Simple wiener filtering or multi-channel wiener filtering 47 can be used to estimate the complex coefficients of the frequency data. The multi-channel wiener filtering 47 is an iterative process using a desired maximization. A first estimate of the complex coefficients may be extracted from the STFT frequency bin 42 of the mixture and multiplied 46 by the corresponding frequency magnitudes 44 output by the post-processing block 45. Wiener filtering 47 assumes that the complex STFT coefficients are independent zero-mean gaussian random variables and under these assumptions, calculates the minimum mean square error of the source variance for each frequency. The outputs of the wiener filtering 47, STFT of timbre class 1 may be inverse transformed (block 48) to generate an estimate of timbre class 1 in the time domain. Trained machine 30/1 may calculate output residual 1 in the frequency domain by subtracting real-valued spectrogram 49 of timbre class 1 from spectrogram 42 of the mixture as output of transform block 40. Residual 1 may be output to trained machine 30/2, and trained machine 30/2 may operate similar to trained machine 30/1, however, transform 40 is superfluous in trained machine 30/2 since residual 1 is already in the frequency domain. Residual 2 is output from trained machine 30/2 by subtracting STFT timbre class 2 from residual 1 in the frequency domain.

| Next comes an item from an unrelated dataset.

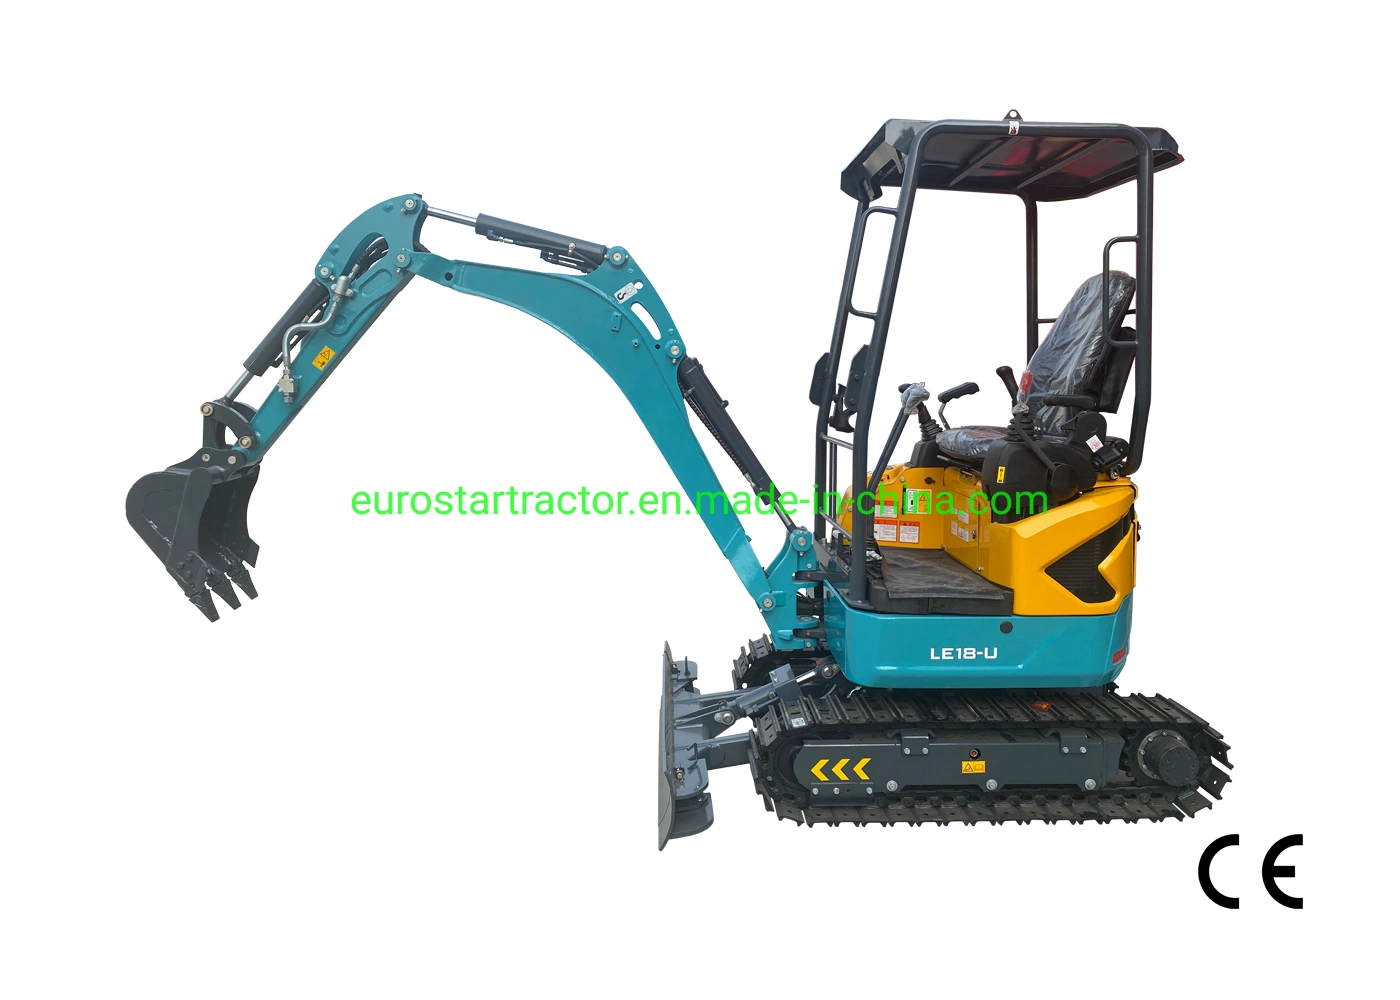 Escavadora de motor de retroescavadora com Escavadora de motores Euro 5 CE Ex1800K/Y Mini Escavadora de terra Deisel para tractores de rastos hidráulicos de pequena dimensão para Construção

Mixing and spatial localization of audio content categories

Referring again to fig. 1, separation 10 of audio content categories may be limited such that, for example, all stereo audio originally recorded in a conventional animated stereo track is included in a separate audio content category (i.e., timbre categories 1-3) (within a previously determined threshold). The timbre class 1 … … N, (e.g., n=3, dialog, music, and sound effects) is mixed and located in the mixing block 12. The mixing block 12 may be configured to classify the separated n=3 timbres: conversations, music and sound effects are virtually mapped to virtual locations around the listener's head.

Referring now also to fig. 5A, which shows the classification of the separated n=3 timbres on the multi-channel output 18 by the mixing block 12: conversations, music, and sound effects map to virtual locations around the listener's head or exemplary mappings of virtual speakers. Five output channels are shown: center C, left L, right R, surround left SL, and surround right SR. Tone color class 1 (e.g., dialog) is shown mapped to a front center position (front centre location) C. Tone color class 2 (e.g., music) is shown mapped to front left L and front right R positions shown shaded with-45 degree lines. Tone color class 3 (e.g., sound effects) is shown as mapped to left rear Surround (SL) and right rear Surround (SR) locations in cross-hatching.

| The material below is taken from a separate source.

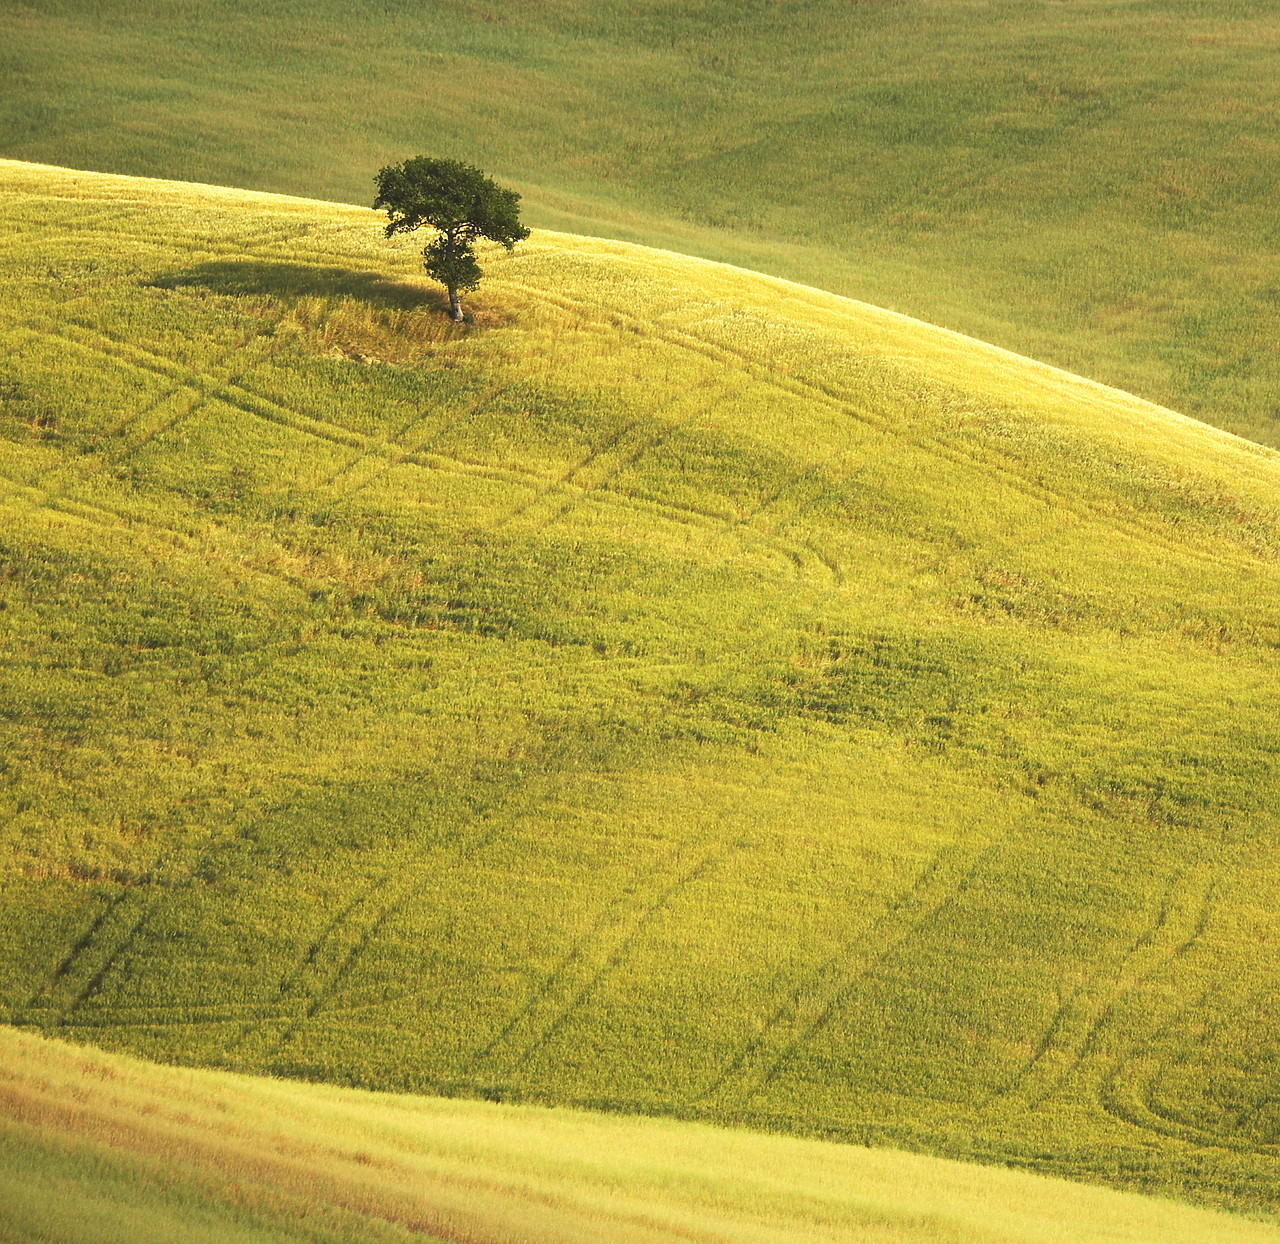 #070154-1 - Lone Tree in Landscape, near Pienza, Tuscany, Italy

Referring now also to fig. 6, there is shown a flow chart 60 of a computerized process for mixing into a plurality of channels 18 by the mixing module 12 to minimize artifacts caused by the separation 10, in accordance with features of the present invention. The stereo track is input (step 61) and split (step 63) into N split stereo audio signals characterized by N audio content categories. The separation (step 63) of the input stereo 24 into separate stereo audio signals of the respective audio content categories may be limited so as to include all the audio originally recorded in the separate audio content categories. The mixing block 12 is configured to spatially localize the N separate stereo audio signals into the output channel between left and right.

Spatial localization between the left and right sides of the stereo sound may be performed symmetrically and without crosstalk between the left and right (step 65). In other words, the sound in the input stereo 24 originally recorded in the left channel is spatially localized (step 65) in one or more left output channels (or center speakers) only, and similarly, the sound in the input stereo 24 originally recorded in the right channel is spatially localized in one or more right channels (or center speakers).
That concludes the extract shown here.